At present, little research has been conducted to identify herbicides that would selectively control weeds and not injure quinoa. Many of the herbicides showing promise do not control common lambsquarters well in other crops and/or have caused little or no injury to sugar beets. Examples are asulam (Asulox); s-metolachlor (Dual Magnum and others); EPTC (Eptam); and other thiocarbamates, such as butylate (Sutan), ethofumesate (Nortron), quinclorac (Paramount), rimsulfuron (Matrix), and cycloate (Ro-Neet).

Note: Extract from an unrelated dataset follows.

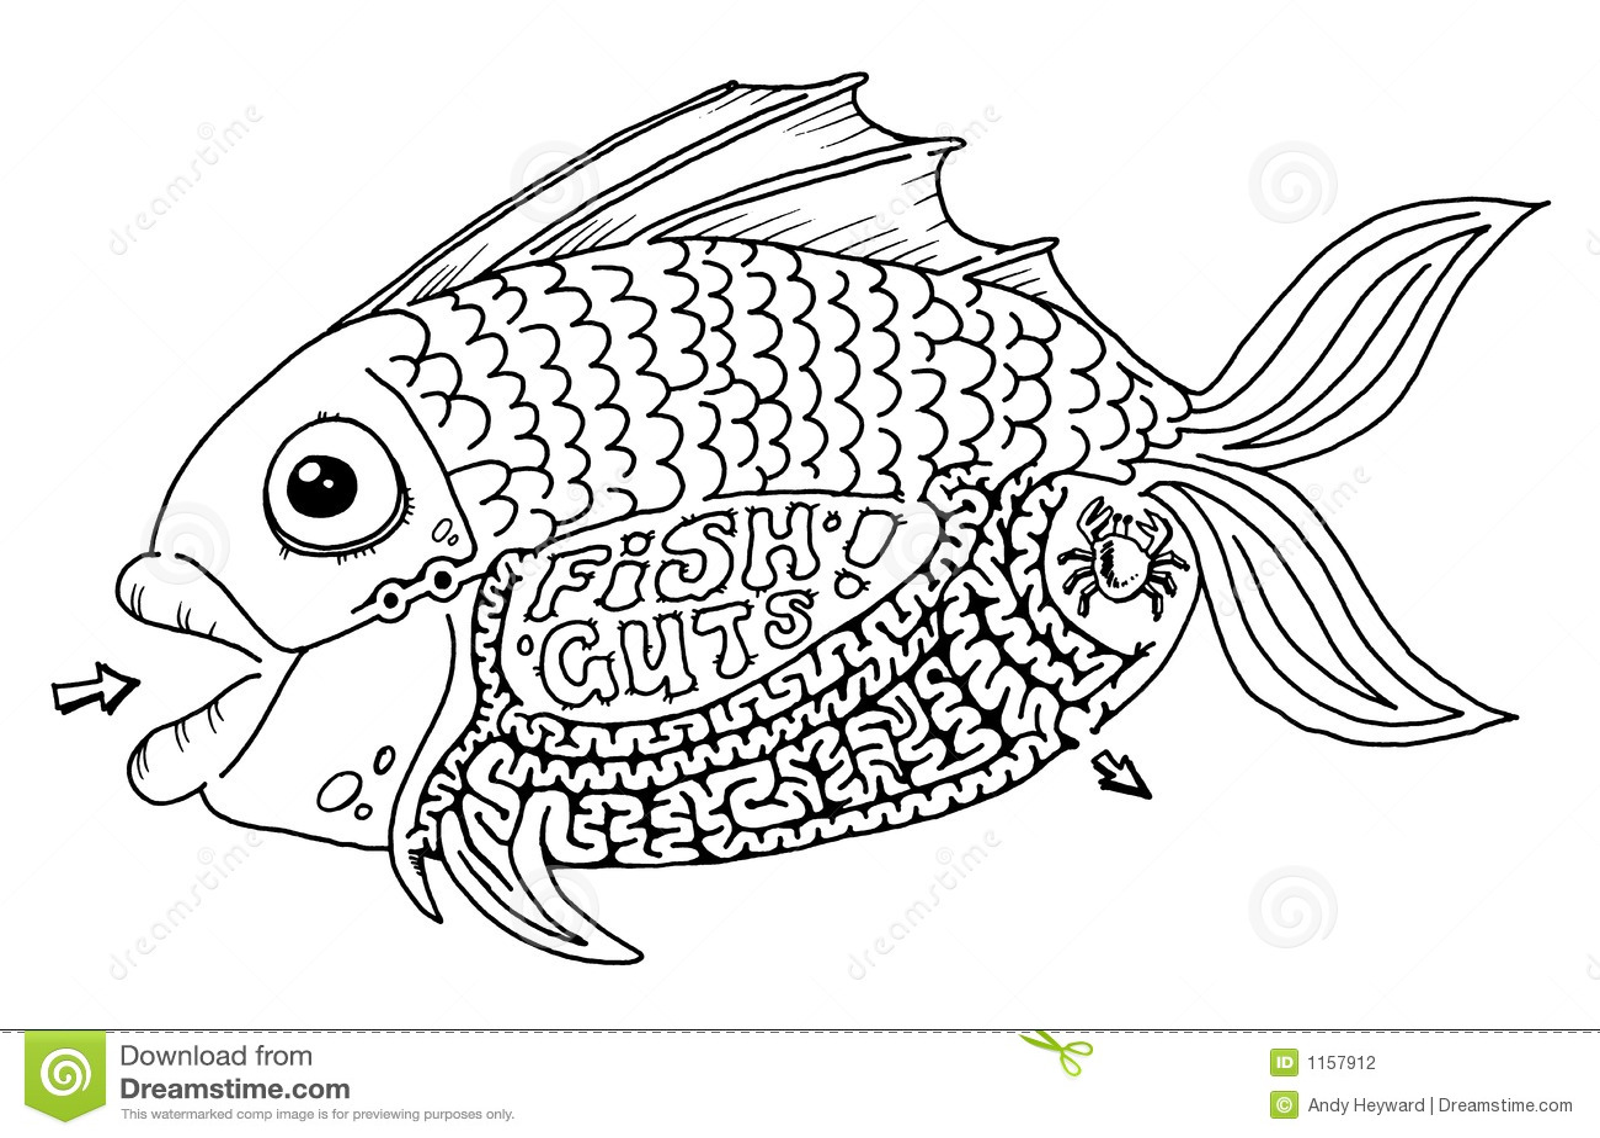 fish-guts-maze-1157912...

Grassy weeds can be controlled with postemergence-applied herbicides that have no activity on broadleaves, e.g., sethoxydim (Poast Plus and others). Glyphosate and other herbicides with foliar activity only, such as paraquat, pyraflufen (Vida), or glufosinate ammonium (Rely), can be applied to emerged weeds before planting or before quinoa emerges.

Insect Pests

Because quinoa is a newly introduced plant in Idaho cropping systems, almost no information is available on region-specific insect pests. Due to limited quinoa acreage, insect problems are likely to be sporadic. As quinoa is introduced into more regional cropping systems, studies are needed to identify key pest species, their associated economic losses, and effective management practices.


Seedling damage may be caused by various species of true bugs, including the plant bugs Melanotrichus coagulatus and Atomoscelis modestus and the seed bug Nysius raphanus. These insects use their piercing-sucking mouthparts to feed on plant sap. Heavy infestations of seed bugs have caused plant death in Rocky Mountain regions. These bugs are also known to cause damage in established quinoa plants.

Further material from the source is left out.